Today we are releasing the stable version of Gemini 2.5 Flash-Lite, the fastest and lowest cost ($0.10/M input, $0.40/M output) model in the Gemini 2.5 model family. We built 2.5 Flash-Lite to push the frontiers of intelligence per dollar with native inference capabilities that can be optionally toggled for more demanding use cases. Building on the momentum of 2.5 Pro and 2.5 Flash, this model completes the set of 2.5 models ready for use in large-scale production environments.
Most cost-effective and fastest 2.5 model ever
Gemini 2.5 Flash-Lite balances performance and cost without compromising quality, especially for delay-sensitive tasks such as translation and classification.
The characteristics are as follows.
Best-in-class speed: Gemini 2.5 Flash-Lite has lower latency than both 2.0 Flash-Lite and 2.0 Flash across a wide range of prompt samples. Cost Efficiency: This is the lowest cost 2.5 model to date, priced at $0.10/million input tokens and $0.40 output tokens, allowing you to handle large numbers of requests affordably. We’ve also reduced the price of audio inputs by 40% since previews began. Smart and small: Demonstrates overall higher quality than 2.0 Flash-Lite across a wide range of benchmarks including coding, math, science, reasoning, and multimodal understanding. Full Features: Build with 2.5 Flash-Lite and get access to a 1 million token context window, a controllable thought budget, and support for native tools like Grounding with Google Search, Code, and more. Execution and URL context.
Gemini 2.5 Flash-Lite in action
Since the release of 2.5 Flash-Lite, we have already seen some incredibly successful deployments. Here are some of our favorites.
Satlyt is transforming the way satellite data is processed, building a distributed space computing platform for real-time summarization of on-orbit telemetry, autonomous task management, and intersatellite communications analysis. 2.5 Flash-Lite speeds reduced critical onboard diagnostic delays by 45% and reduced power consumption by 30% compared to the baseline model. HeyGen uses AI to create avatars for video content, leverages Gemini 2.5 Flash-Lite to automate video planning, analyze and optimize content, and translate videos into over 180 languages. This allows us to provide a global and personalized experience to our users. DocsHound turns product demos into documentation by using Gemini 2.5 Flash-Lite to process long videos and extract thousands of screenshots with low latency. This allows you to transform footage into comprehensive documentation and training data for AI agents much faster than traditional methods.

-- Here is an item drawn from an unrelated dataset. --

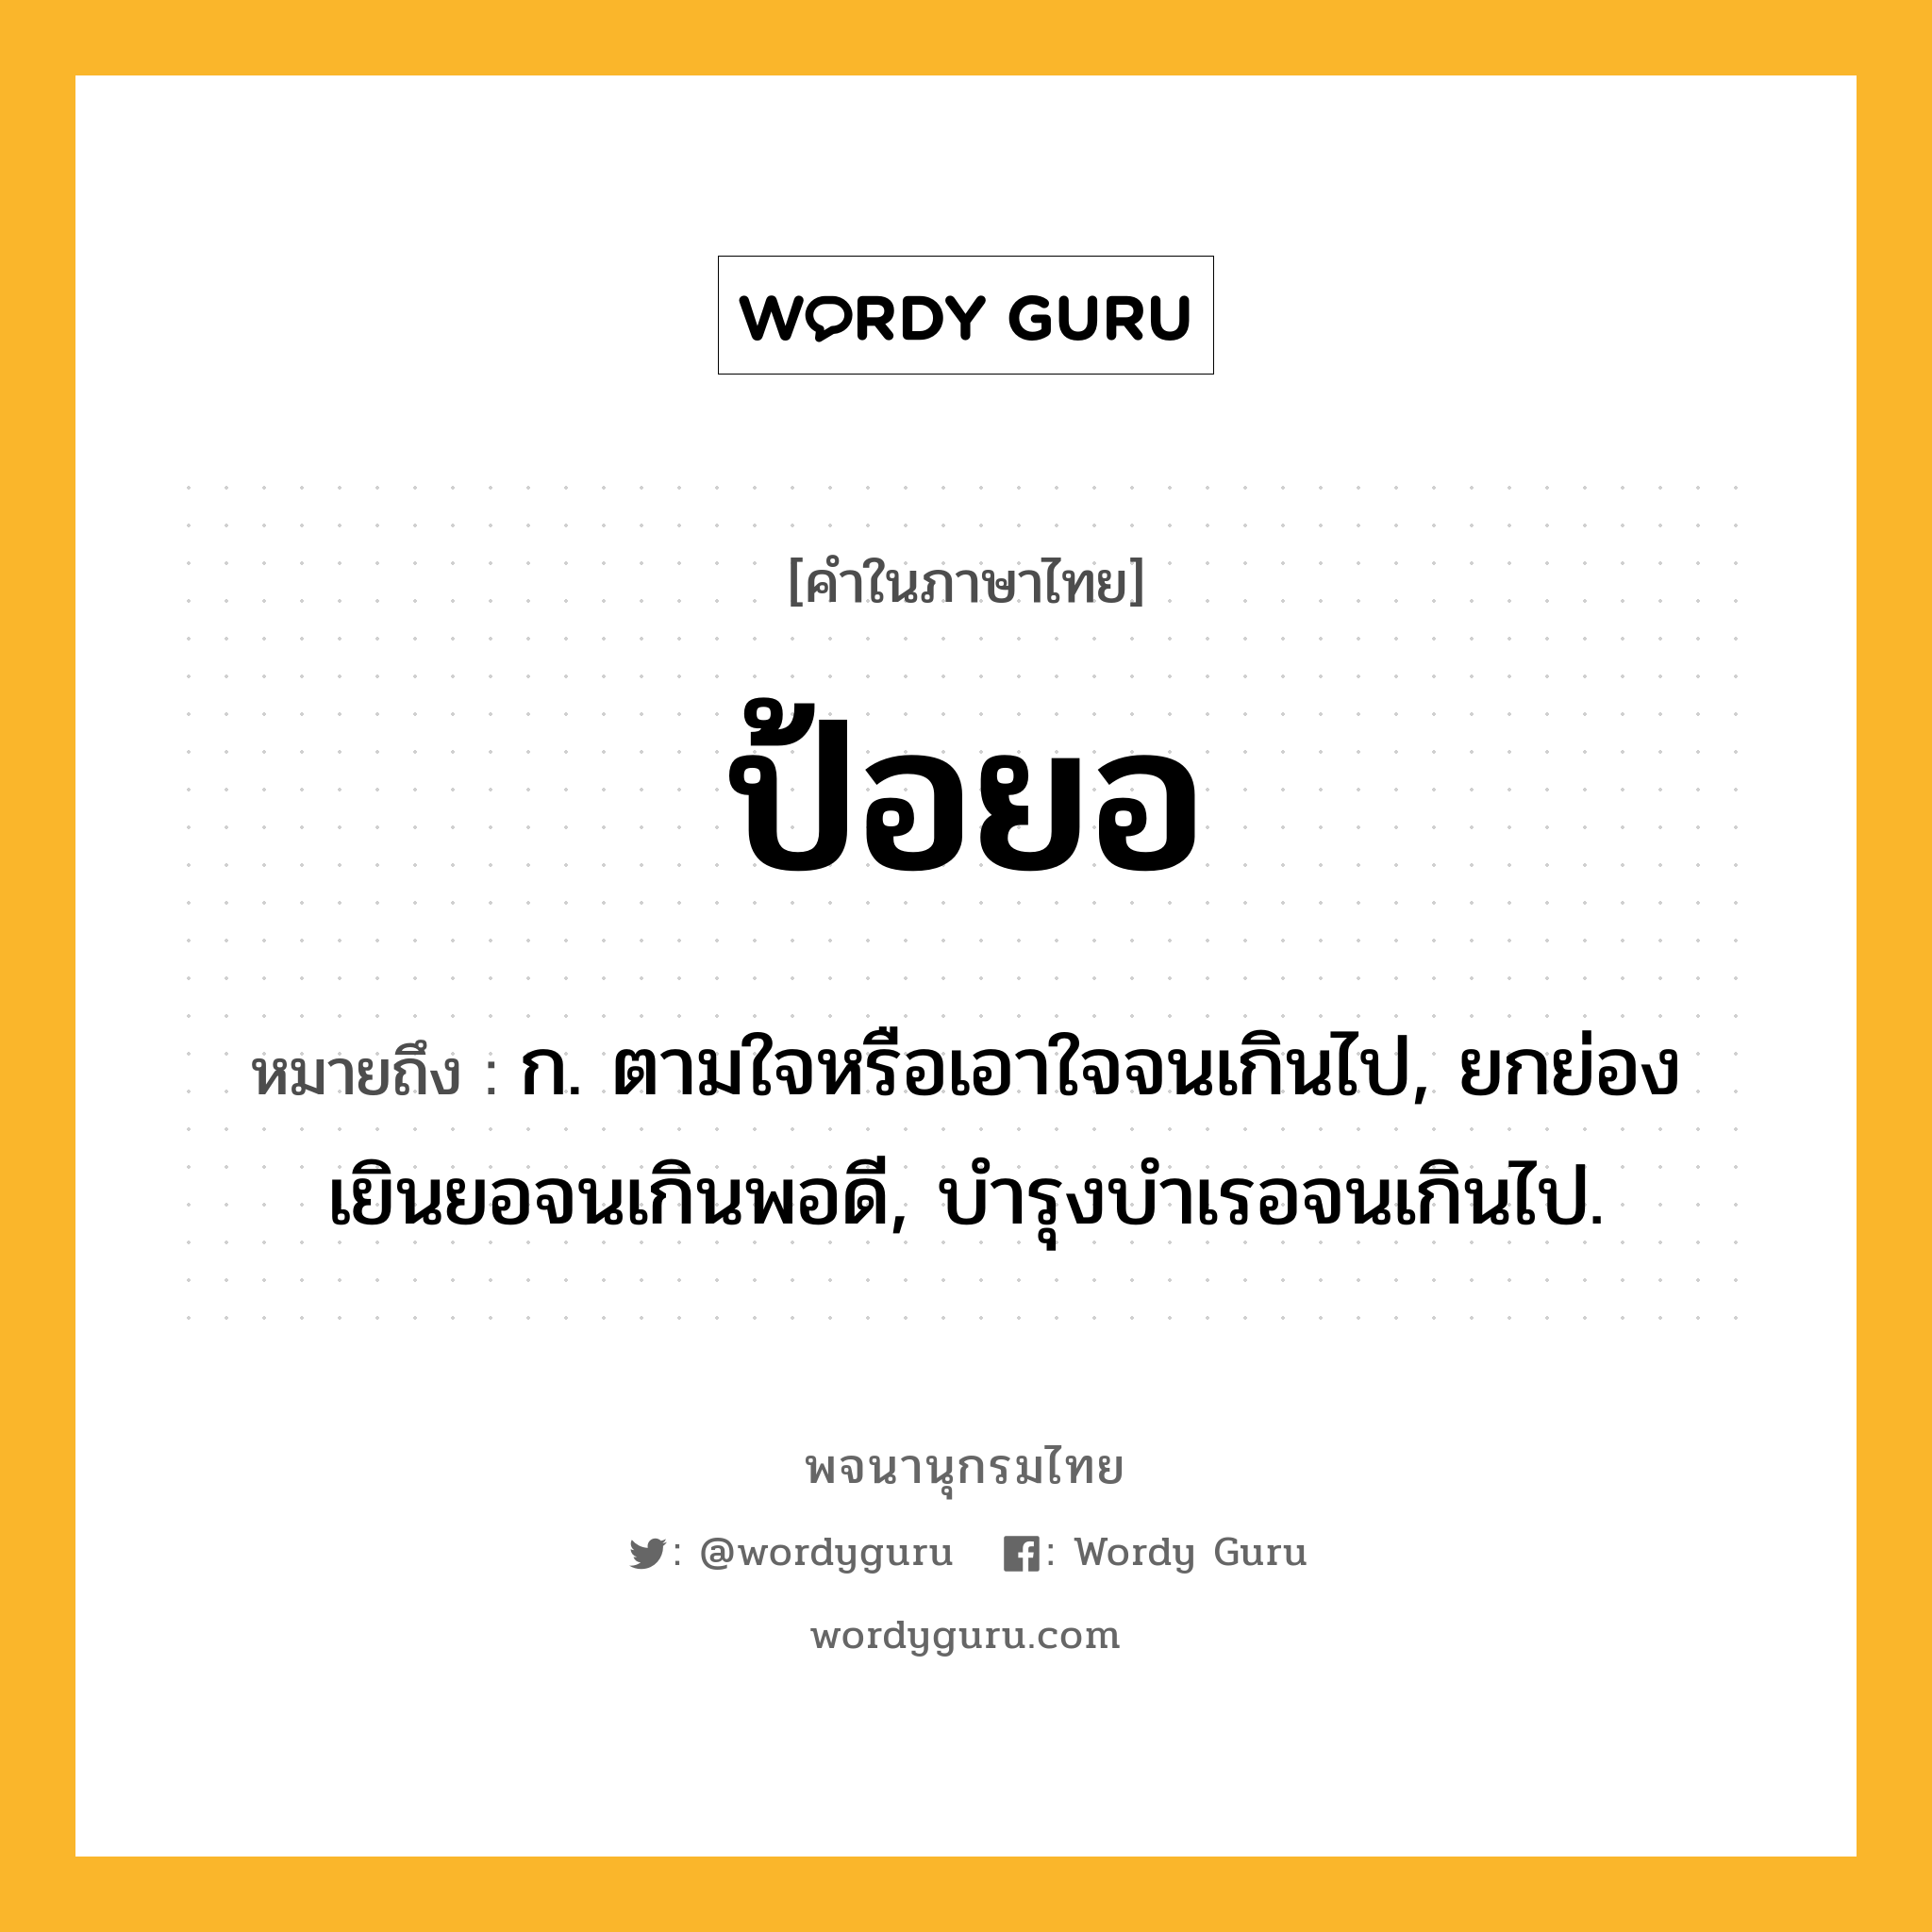 ป้อยอ หมายถึงอะไร?, คำในภาษาไทย ป้อยอ หมายถึง ก. ตามใจหรือเอาใจจนเกินไป, ยกย่องเยินยอจนเกินพอดี, บํารุงบําเรอจนเกินไป.

Evertune helps you understand how your brand is represented across AI models. Gemini 2.5 Flash-Lite is their revolutionary product that dramatically speeds up analysis and report generation. Its fast performance allows you to quickly scan and synthesize large amounts of model output to provide dynamic and timely insights to your clients.
You can start using 2.5 Flash-Lite by specifying “gemini-2.5-flash-lite” in your code. If you are using the preview version, you can switch to “gemini-2.5-flash-lite” which is the same underlying model. Flash-Lite preview aliases will be removed on August 25th.
Ready to start building? Try the stable version of Gemini 2.5 Flash-Lite with Google AI Studio and Vertex AI today.